Decades for equality and for the liberation of women have been taking shape in Western countries for many decades.
Thanks to them, women are less and less obliged to stay at home and to sacrifice themselves for a family life in which, years ago, they were supposed to invest all their strength. However, full equality has yet to materialize and gender roles continue to require women to take on a dual responsibility: working for money and taking care of the home and family. This is how the so-called female exhaustion syndrome.
What is female exhaustion syndrome?
The first thing to keep in mind when understanding this concept is that it is not a disease. As you can read in this article on the difference between syndrome, disorder and disease, the first is simply a collection of symptoms and signs that often occur together. This means that in female exhaustion syndrome there is no need for a biological cause to cause a person’s whole body to malfunction.
In fact, it is very likely that this syndrome is not caused by something going on in a woman’s body, but quite the opposite: what’s around. Specifically, a cultural model that causes many women to exhaust themselves from having to devote their time outside of work to most household chores.
In other words, what generates the female exhaustion syndrome is the way in which the woman and her environment are related (including in this the people who live there).
The causes of female exhaustion syndrome
One of the factors that makes female exhaustion syndrome such a persistent thing is that its causes have been culturally normalized. This means that because of the way we think of simply belonging to a culture that for centuries has strongly advocated segregation of gender roles, many of the customs that we feel are normal and “expected” to us. seem to produce female exhaustion syndrome.
A clear example of this is found in family dinners where, at the end of the day, the women automatically get up to pick up their plates and cutlery, wash the dishes and clean the table while the men are resting or sitting on the table.

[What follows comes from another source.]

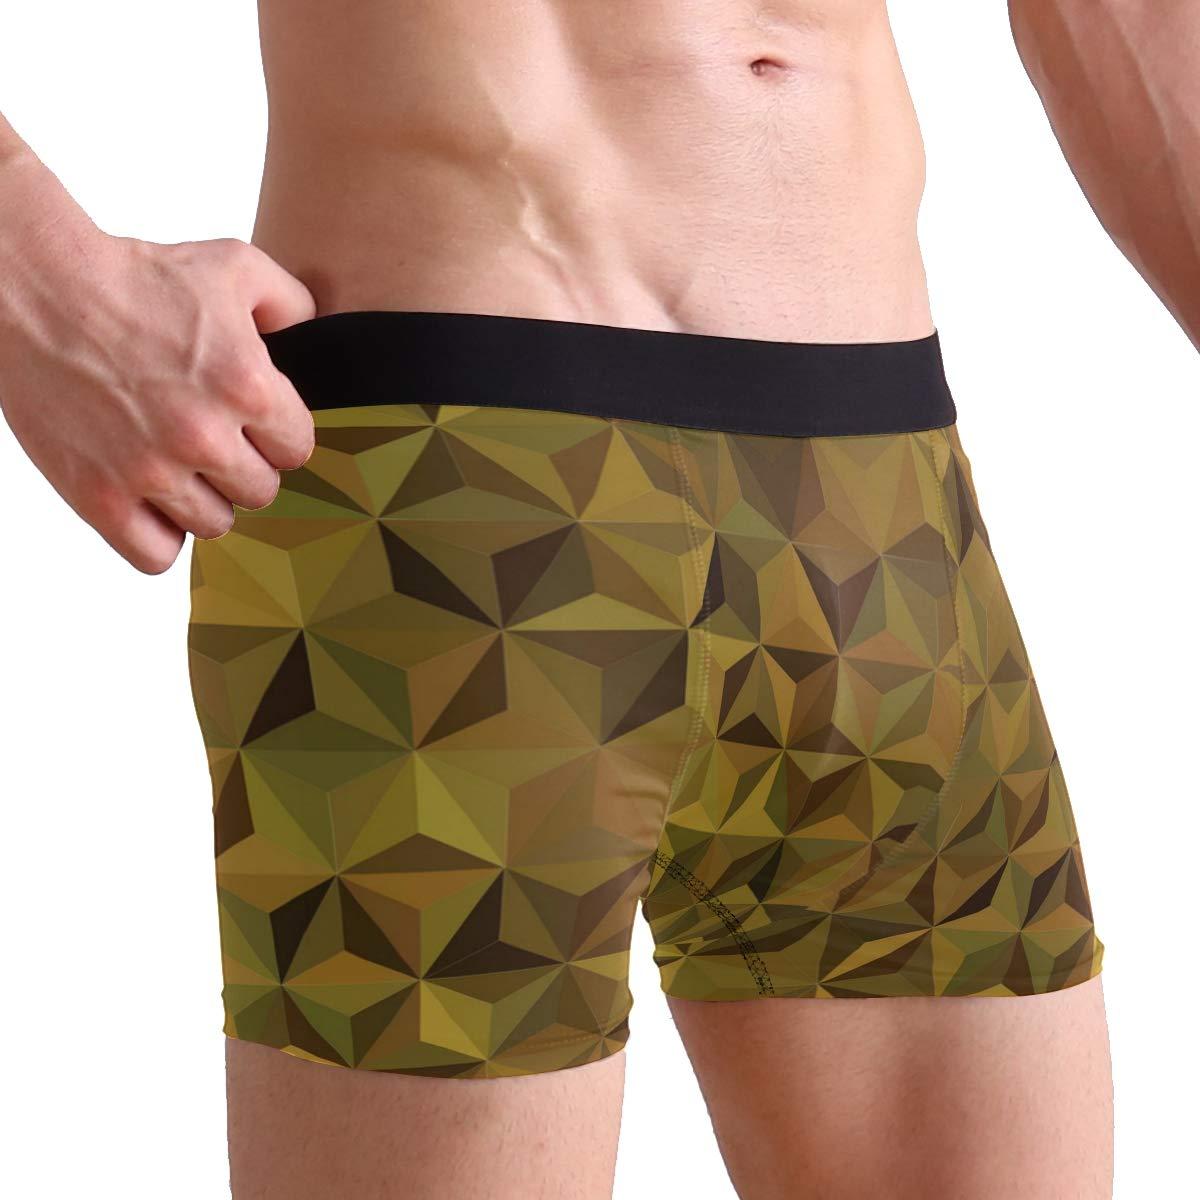 Case Camo Military Camouflage Mens Underwear Mens Bag Soft Cotton Underwear 2 Pack

Another classic example is cleaning the house. These types of activities are still mainly performed by women, which is important considering that a single floor has many parts that can be cleaned. Doing this activity is not just about washing the stick: you also need to vacuum, put the washing machine, hang out and iron, remove dust, etc.
A larger problem
Examples like these are just small pieces of the same reality: Household chores remain a responsibility mainly associated with women, While the professional field formerly reserved for men is now also a field of tasks that women must assume. As the labor market becomes more and more competitive, this translates into severe burnout.
In this way, the female exhaustion syndrome arises as a result of this crossing of responsibilities on the part of the woman: she is always obliged to take care of the house, and now she also has to devote several hours a day to the house. competition. in the labor market.

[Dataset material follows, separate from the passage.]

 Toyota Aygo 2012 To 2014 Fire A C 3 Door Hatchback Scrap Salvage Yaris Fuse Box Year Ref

An economic problem and high demands
Thus, female exhaustion syndrome is partly a social and economic problem. Before, life was not that expensive, and with the paid work of one person, a house could be maintained. However, if women now also perform professional tasks, it is not only because an equality movement has been promoted: it is because now husbands and wives are forced to work for more. money. However, this equality scenario has not reached household chores, which is always something women are expected to do.
The other facet of the problem is psychological: women tend to make their self-esteem and their image of mother or wife depend on the satisfactory performance of all the tasks that are asked of her, without realizing that on many occasions she has to work harder. hours as her husband. This is why psychology must adapt to this new reality and propose solutions.